Há, basicamente, dois caminhos. O primeiro é o tribunal manter a decisão do TRE-SC, que julgou a ação improcedente. O segundo caminho é bem mais complexo – e politicamente mais sensível a Jorge Seif
O Tribunal Superior Eleitoral (TSE) retoma nesta semana um julgamento que pode produzir um dos desfechos mais delicados da política catarinense recente. Está na pauta do dia 5 de fevereiro o processo que pede a cassação do mandato do senador Jorge Seif Júnior (PL), acusado de ter se beneficiado da estrutura de empresas durante a campanha de 2022. O caso ficou meses represado em Brasília, sob o argumento de necessidade de aprofundamento das diligências, e agora volta à mesa com alto potencial de impacto político.
Há, basicamente, dois caminhos. O primeiro é o tribunal rejeitar o recurso e manter a decisão do TRE catarinense, que julgou a ação improcedente. Nesse cenário, Seif seguiria no mandato e o episódio terminaria sem alteração no resultado eleitoral. O senador afirma estar tranquilo e sustenta que duas instâncias já afastaram irregularidades.
O segundo caminho é bem mais complexo – e politicamente mais sensível. Se o TSE acolher o recurso e cassar o diploma de Seif e de seus suplentes, os votos por ele obtidos seriam anulados. A partir daí, surgem duas alternativas jurídicas. Uma delas é a convocação de eleição suplementar. Não seria uma novidade no histórico da Justiça Eleitoral.
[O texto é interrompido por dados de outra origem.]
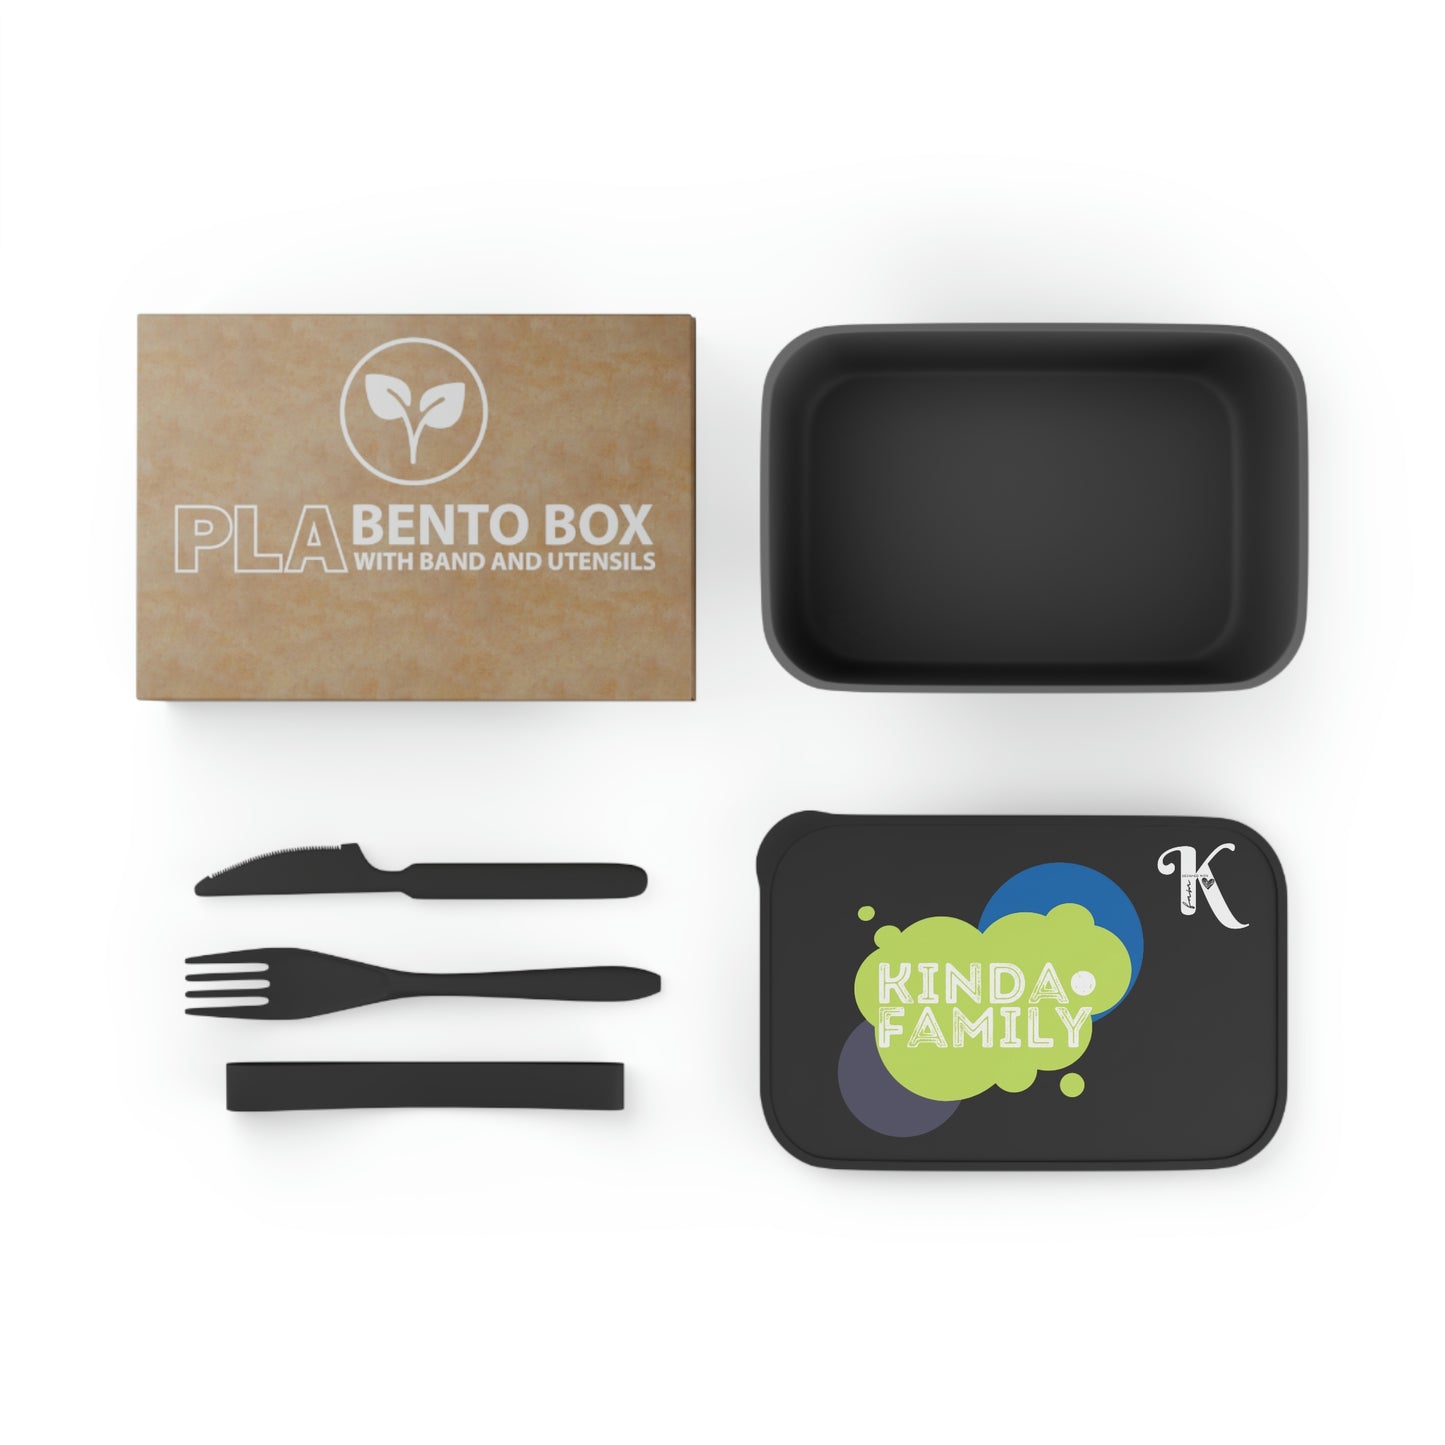 KindaFamily > PLA Bento Box con Banda y Utensilios / PLA Bento Box with Band and Utensils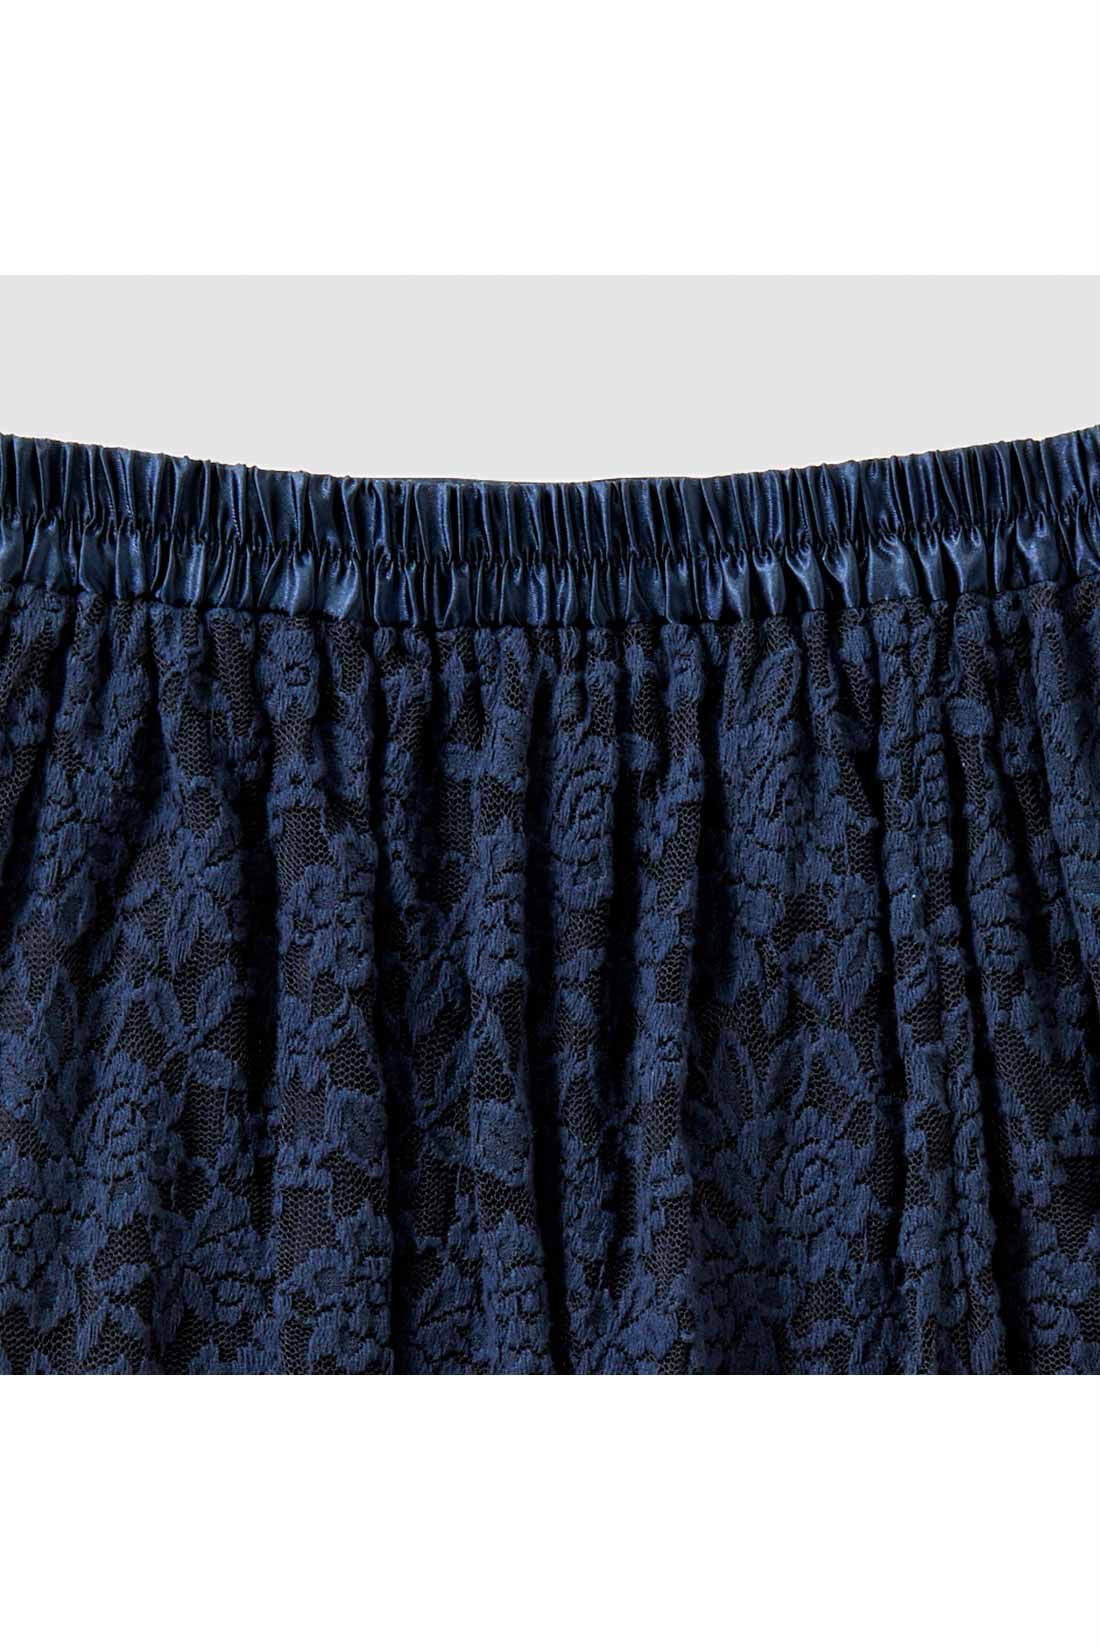 IEDIT[イディット]　帯電防止インナーがうれしい 起毛レーススカート〈ブラック〉|ウエストわきから後ろゴム仕様でらくちん。 ※お届けするカラーとは異なります。

Caso a cassação resulte na convocação de eleição suplementar, o cenário projetado é de três vagas em disputa em outubro. Duas delas corresponderiam aos mandatos regulares de oito anos no Senado. A terceira vaga seria específica para completar o mandato de Seif. Trata-se de um arranjo jurídico possível e politicamente relevante, que amplia o peso da disputa e ajuda a explicar o interesse de diferentes forças no desfecho do julgamento.
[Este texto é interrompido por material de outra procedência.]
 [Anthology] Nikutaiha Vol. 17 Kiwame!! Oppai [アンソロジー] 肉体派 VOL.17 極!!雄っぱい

A outra possibilidade é a retotalização dos votos válidos, excluídos aqueles considerados nulos. Nesse caso, o diploma seria conferido a Raimundo Colombo, segundo colocado na disputa de 2022. A tese não é exótica: trata-se de um procedimento já adotado nas eleições proporcionais, quando votos anulados não entram no cálculo final do resultado.
Politicamente, essa solução agrada a quase todos os lados: inclusive a setores do próprio PL. O único derrotado inequívoco seria Seif. Ainda caberia recurso ao STF, mas sem efeito automático: apenas uma liminar permitiria a permanência no cargo.
O julgamento vai além de um mandato. O desfecho, qualquer que seja, deixará marcas duradouras em Santa Catarina.